Petroleum (Production) Act (Northern Ireland) 1964
- Parliament of Northern Ireland
- Long title: An Act to vest in the Ministry of Commerce the property in undeveloped petroleum in Northern Ireland; to make provision with respect to searching and boring for and getting petroleum; and for purposes connected with the matters aforesaid.
- Citation: 1964 c. 28 (N.I.)
- Territorial extent: Northern Ireland

Dates
- Royal assent: 13 October 1964
- Commencement: 13 October 1964

Other legislation
- Amends: Minerals (Miscellaneous Provisions) Act (Northern Ireland) 1959
- Amended by: Mineral Development Act (Northern Ireland) 1969; Mines Act (Northern Ireland) 1969;

Status: Amended

= Petroleum (Production) Act (Northern Ireland) 1964 =

The Petroleum (Production) Act (Northern Ireland) 1964 (c. 28 (N.I.)) is an act of the Parliament of Northern Ireland which vested in the Northern Ireland Ministry of Commerce the property in undeveloped petroleum. It also made provision for searching for and producing petroleum.

== Background ==
Earlier legislation such as the Land Purchases Acts had vested land, mines and mineral rights in the Northern Ireland Ministry of Finance, see for example the Minerals (Miscellaneous Provisions) Act (Northern Ireland) 1959 (1959 c. 17).  By the early 1960s the commercial development of the oil and gas industry was a realistic prospect as seen in other parts of the UK. The responsibility for issuing exploration and production licences, and the holding of mineral rights was seen to be more appropriately vested in the Ministry of Commerce. This legislation enacted these requirements.

== Provisions ==
The Act comprises 20 Sections.

Section 1. Vesting of undeveloped petroleum in the Ministry of Commerce.

Section 2. Licences to search for and get petroleum.

Section 3. Application of Act of 1969 respecting land and ancillary rights.

Section 4. Compensation.

Section 5. Form and amount of compensation.

Section 6. Persons entitled to compensation.

Section 7. Claims for compensation.

Section 8. Awards of compensation by the Tribunal.

Section 9. Appearances before Tribunal.

Section 10. Repealed.

Section 11. Share of persons entitled under s. 13(3) of Irish Land Act 1903.

Section 11A. Payments under section 11.

Section 11B. Satisfaction of claims for compensation or for payments under section 11.

Section 11C. Disposal of dormant or unclaimed moneys.
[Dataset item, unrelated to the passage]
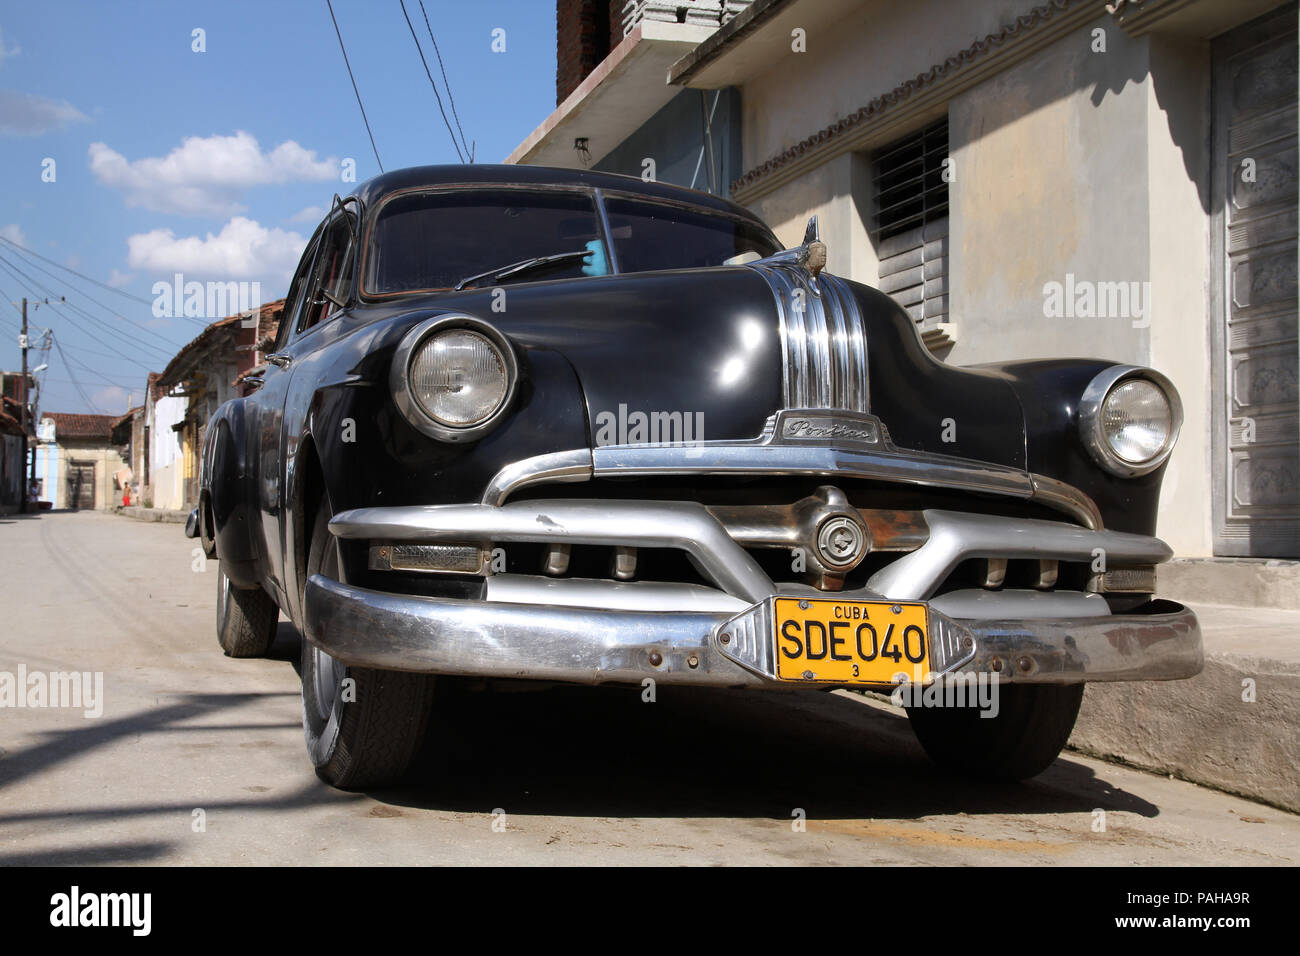 SANCTI SPIRITUS, CUBA - FEBRUARY 6: Classic American Pontiac car in the street on February 6, 2011 in Sancti Spiritus. Recent change in law allows the Stock Photo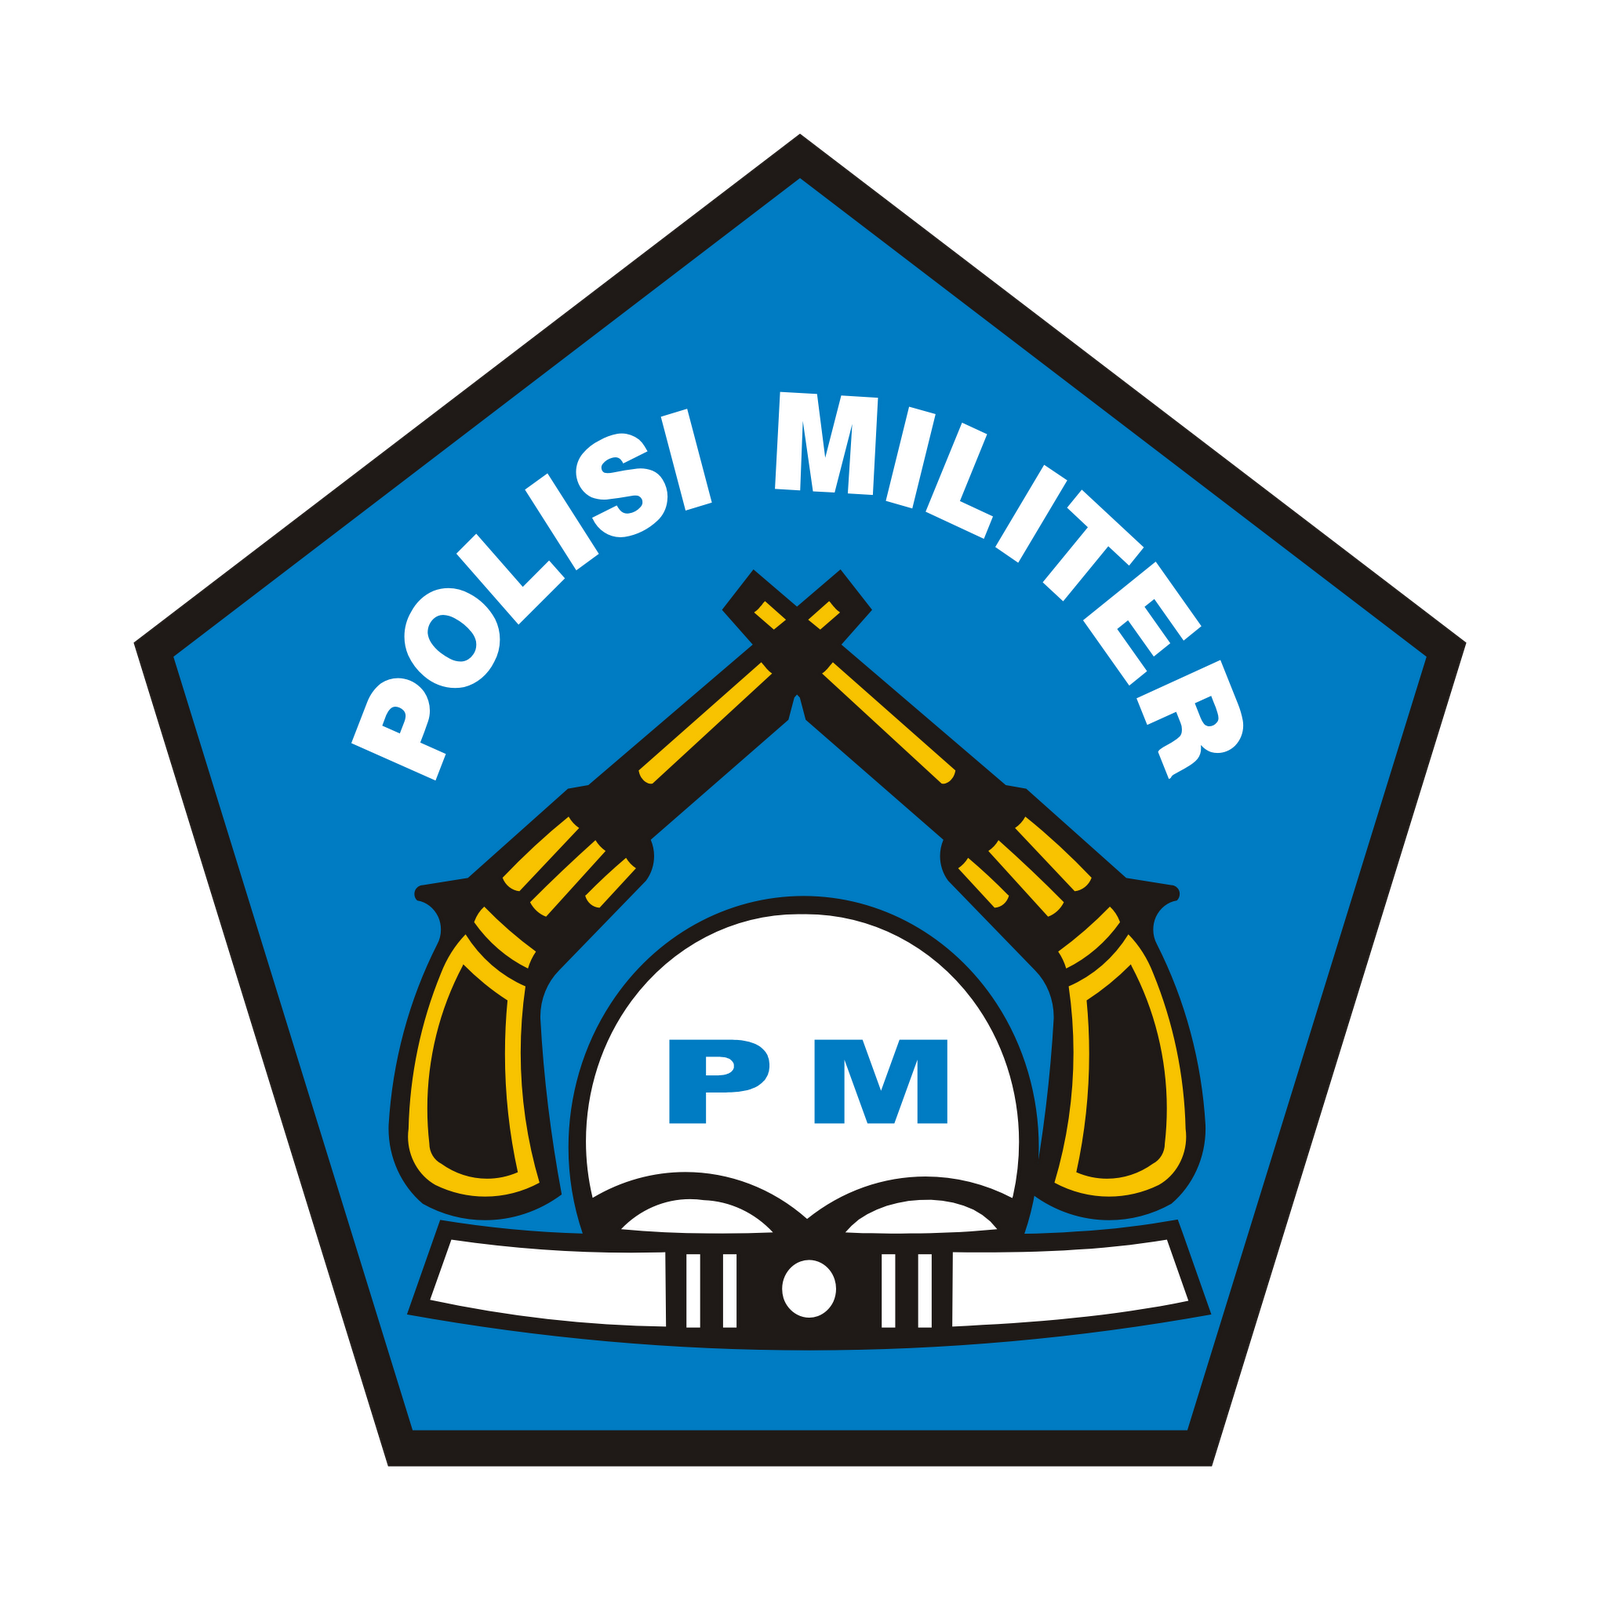  Logo Polisi Militer PM Tentara Nasional Indonesia

Section 12. Account of receipts and expenditure under Act.

Section 13. Power to make regulations.

Section 14. Repealed.

Section 15. Interpretation.

Section 16. Repeals with saving 1918 c. 52.

Section 17. Application of this Act.

Section 18. Short title.

Note

Section 1 (4) of the Act defines the “strata in Northern Ireland” which includes strata beneath the internal waters adjacent to Northern Ireland, but does not include strata beneath the territorial sea of the United Kingdom adjacent to Northern Ireland.

== Later developments ==
The granting of petroleum licences “to explore for, bore for and get” petroleum in Northern Ireland under powers granted by the Petroleum (Production) Act (Northern Ireland) 1964 is vested in the Department of the Economy, as of 2026.

In 2024, the Minister for the Economy, Conor Murphy, announced legislation to prohibit oil and gas exploration and production - with the legislation including hydraulic fracturing - with the goal of supporting Northern Ireland's transition to an economy based on renewable energy. The legislation would amend the 1964 act.